*** Opening Data below ***

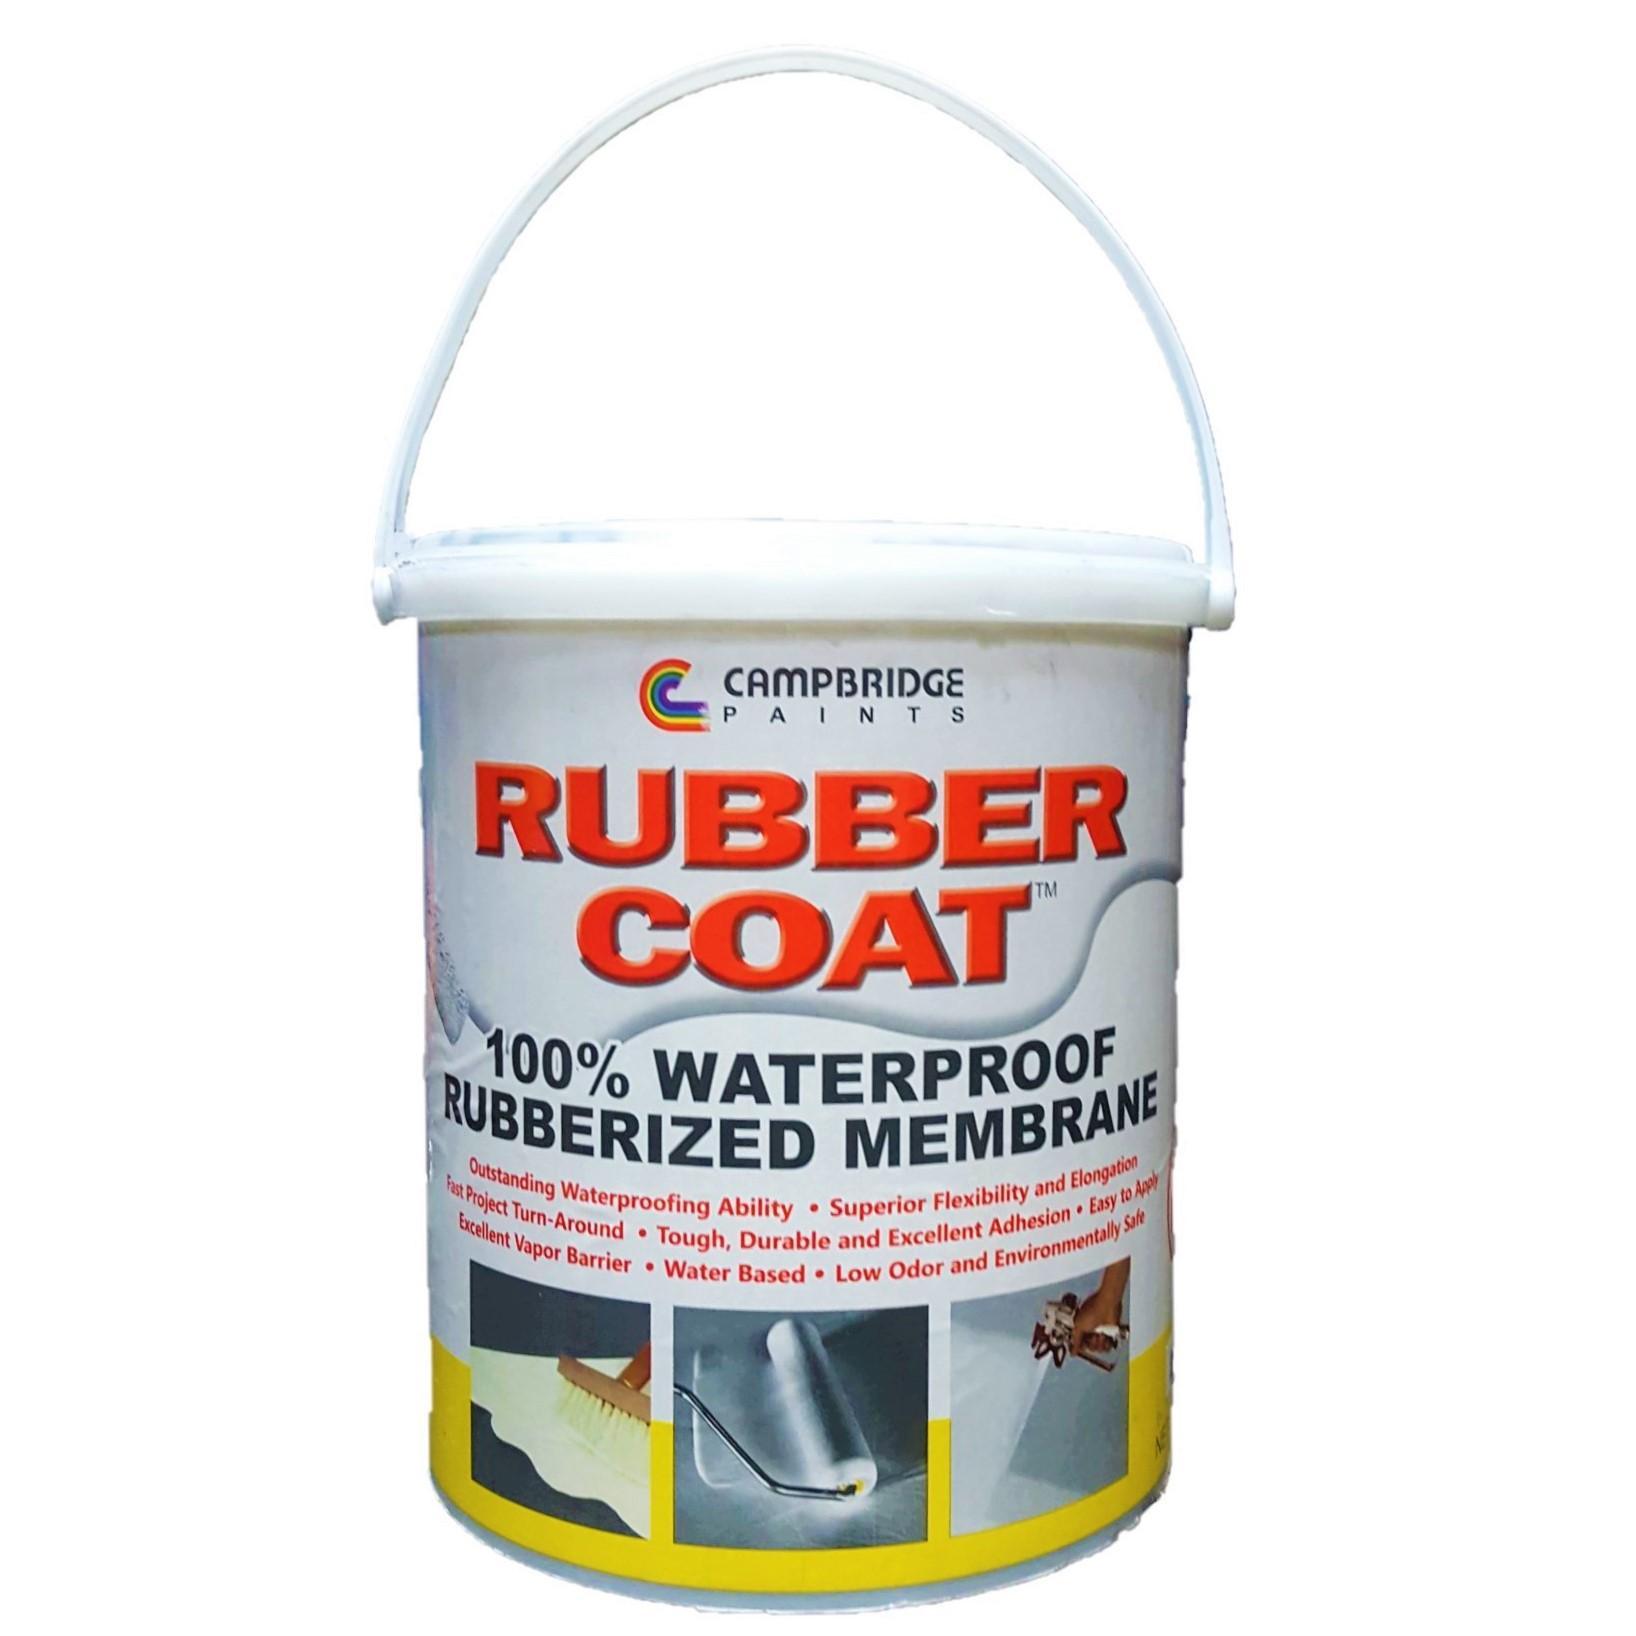 Waterproofing for sale - Waterproofing Membrane prices, brands
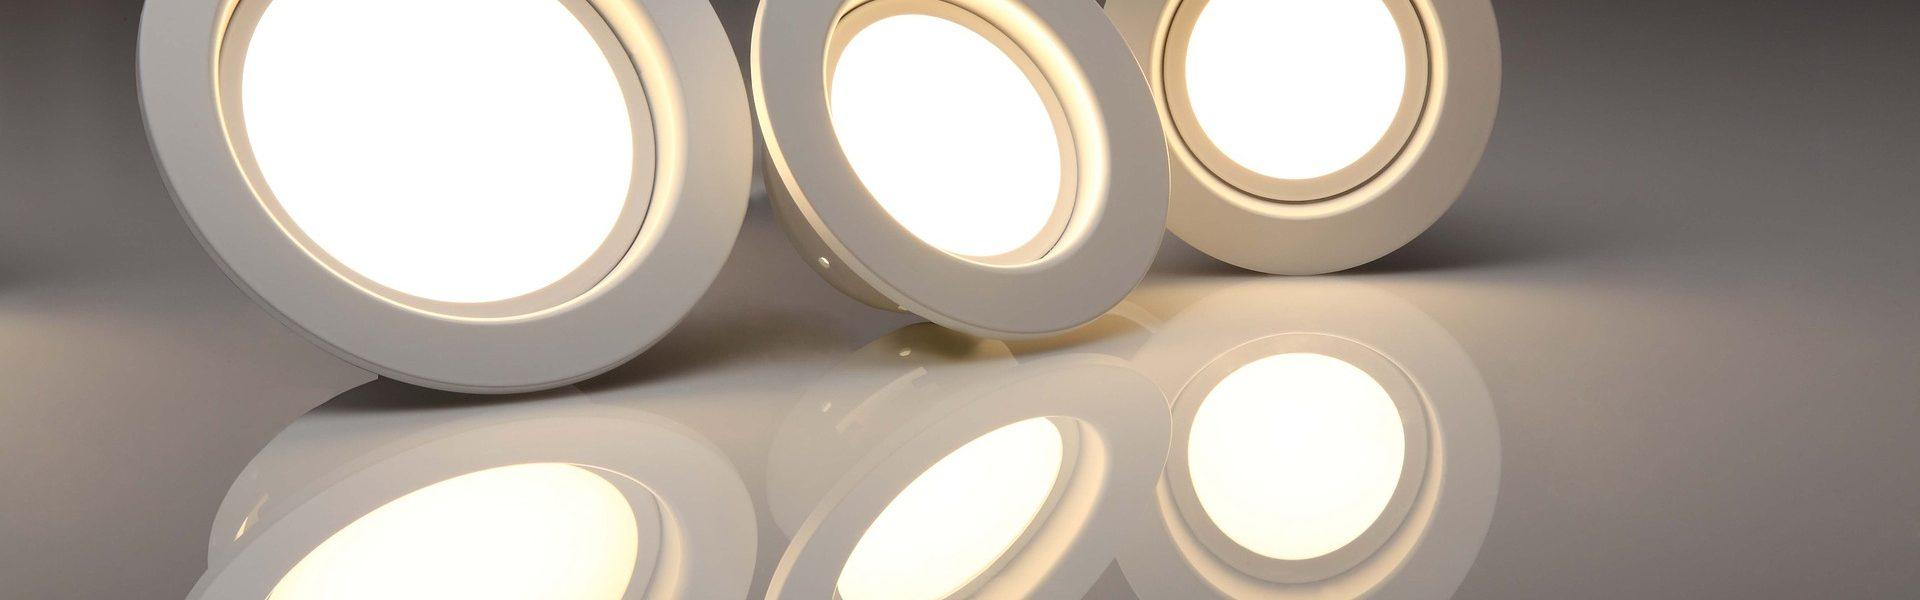 Header Bild ENTEGA modernisiert Beleuchtung in den vier Bauverein-Tiefgaragen
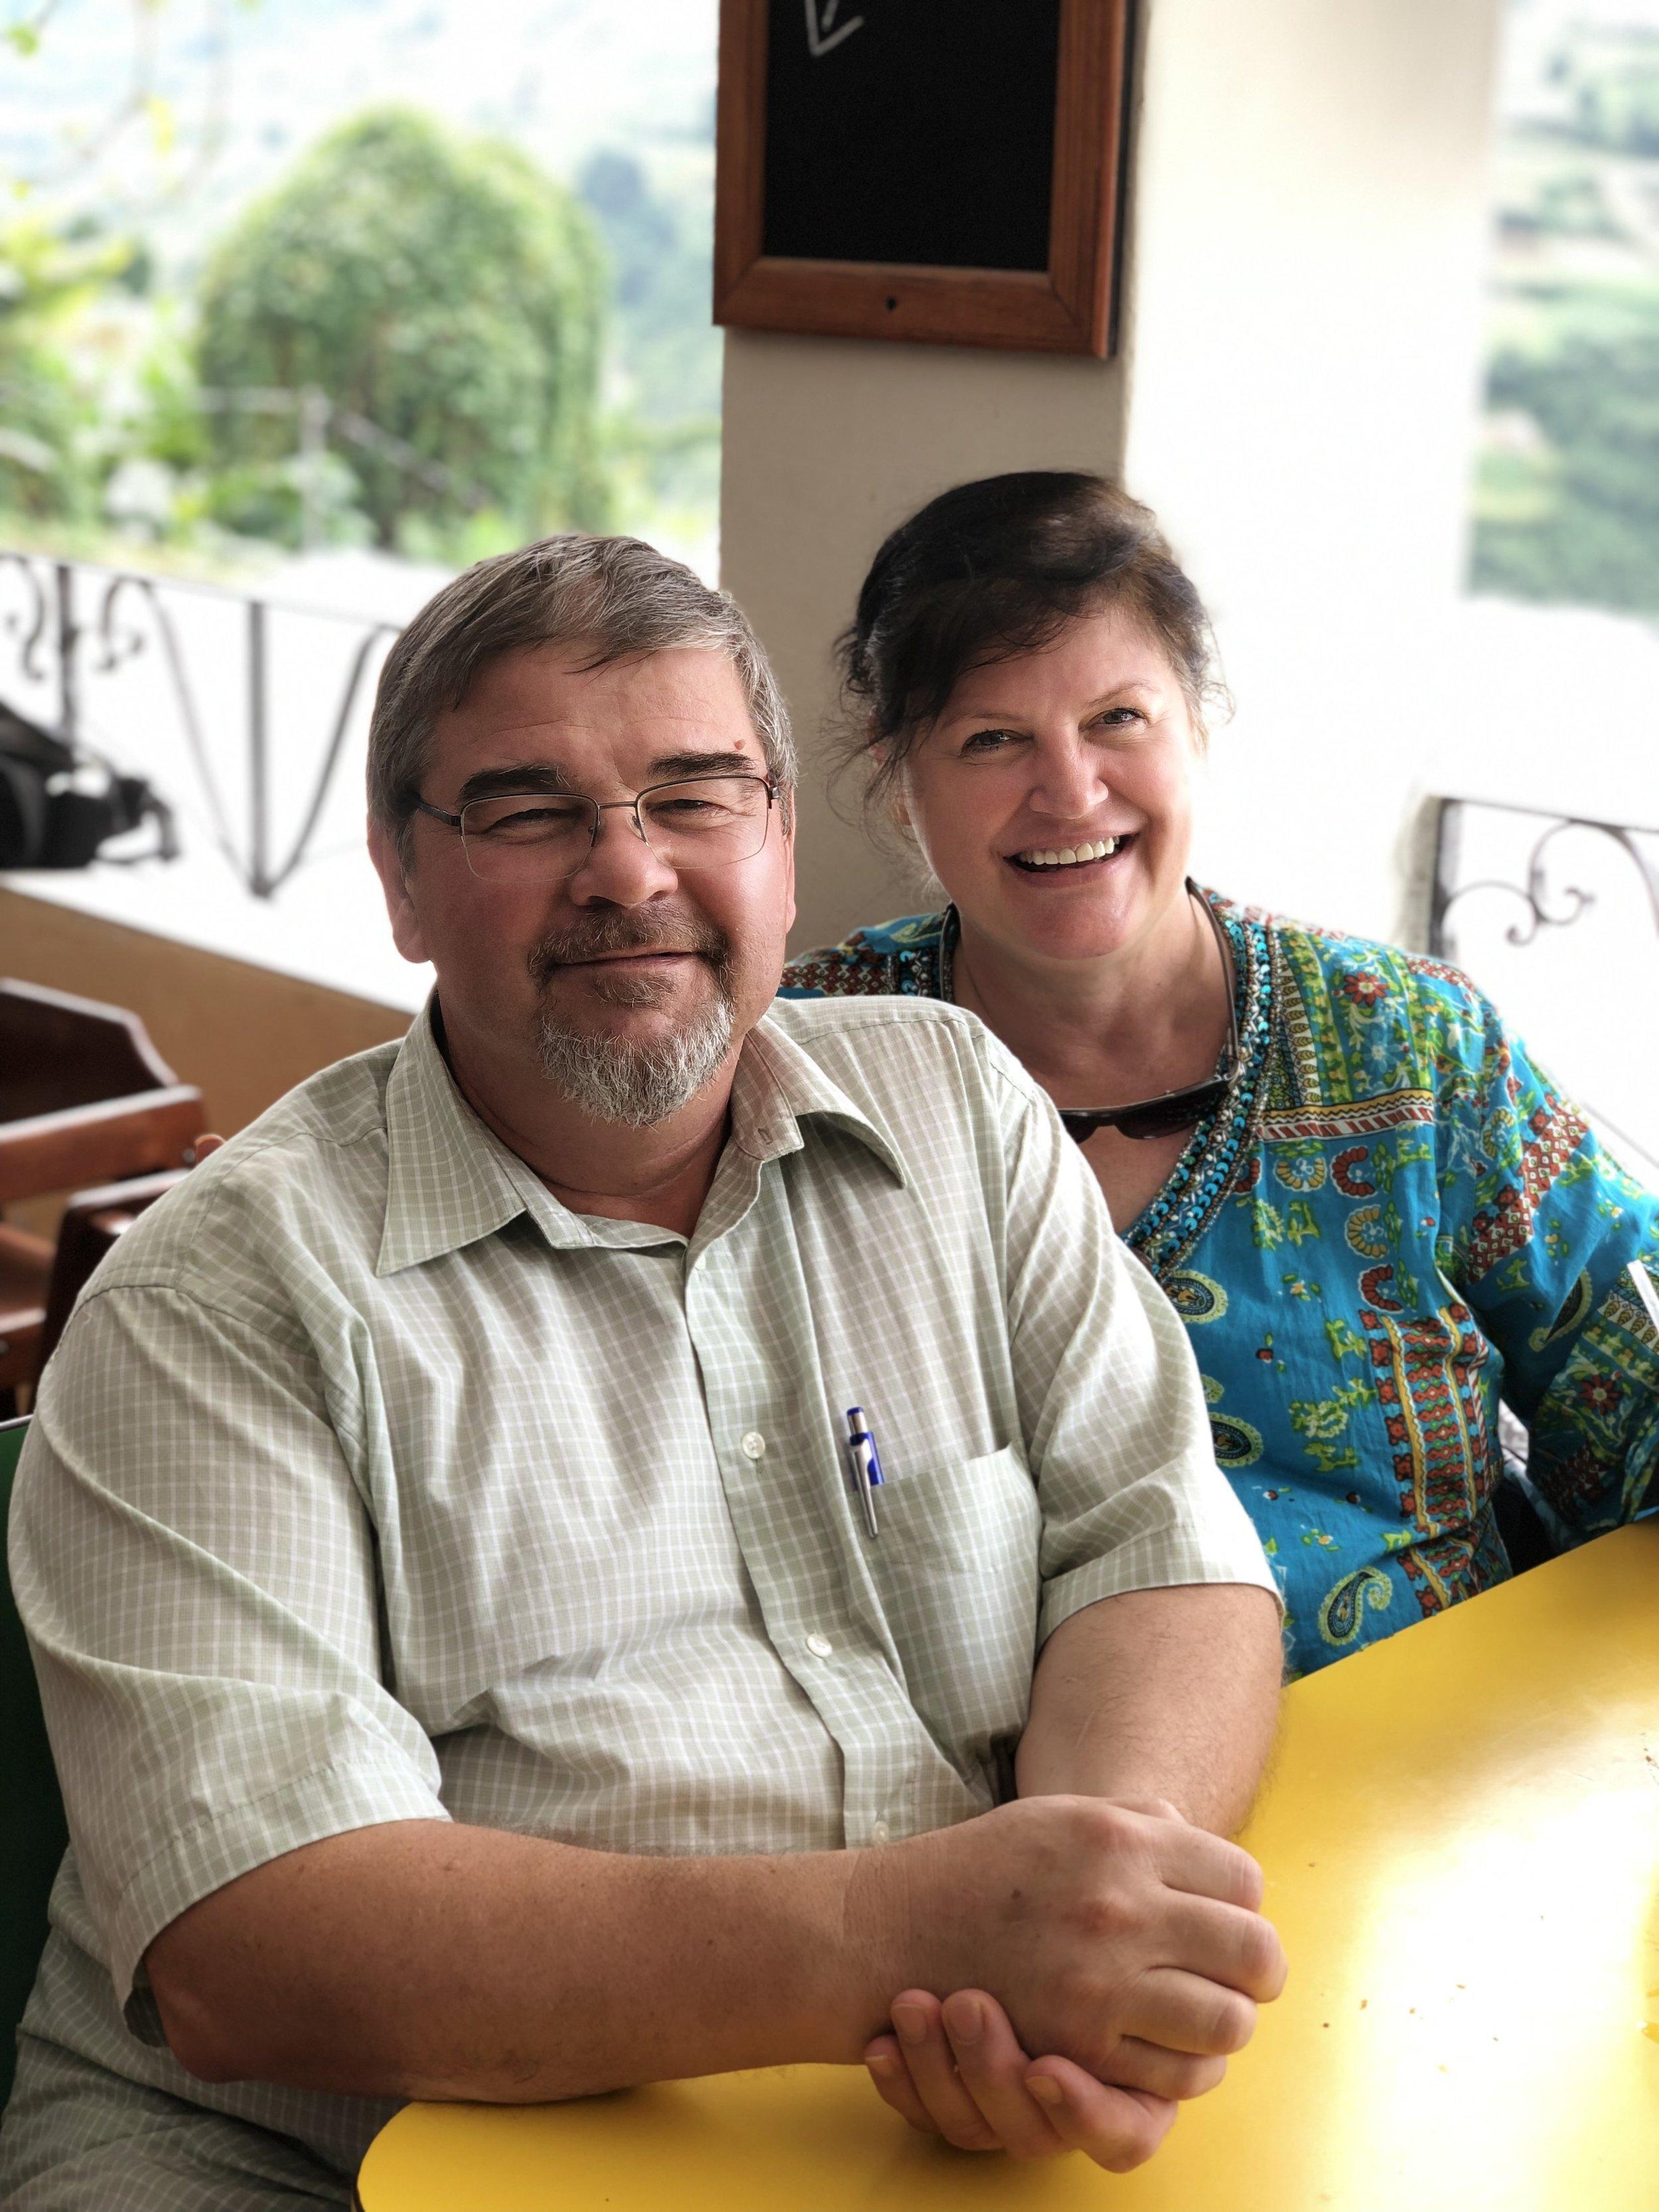 Tim&Karen Nov. 2018.JPG
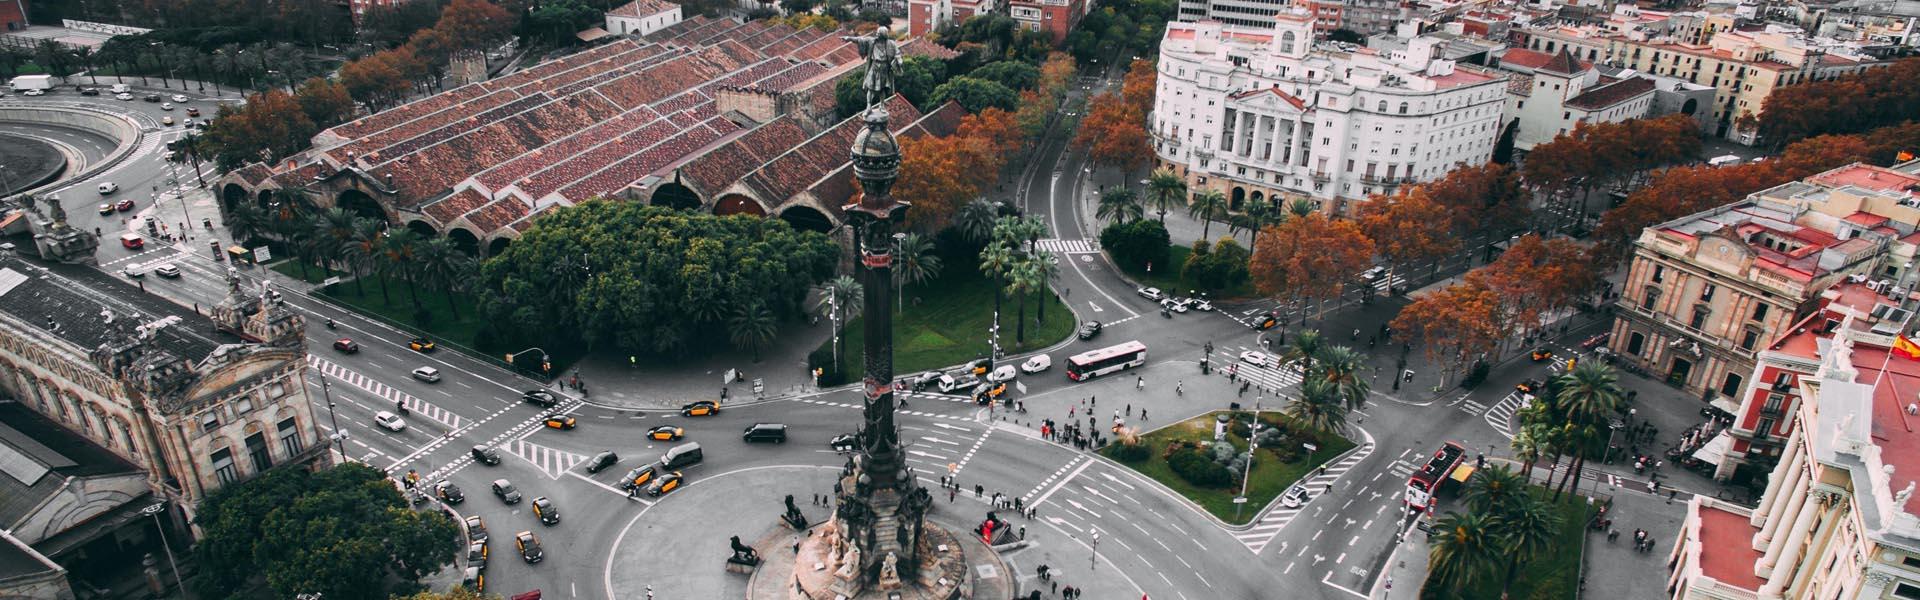 Vista aerea del monument a Colom a Barcelona

*** Closing Data below ***

Instructions for the task: The data must be repeated exactly. Any pictures in it are to be left out.

Response to the task:
 Waterproofing for sale - Waterproofing Membrane prices, brands
 Header Bild ENTEGA modernisiert Beleuchtung in den vier Bauverein-Tiefgaragen
 Tim&Karen Nov. 2018.JPG
 Vista aerea del monument a Colom a Barcelona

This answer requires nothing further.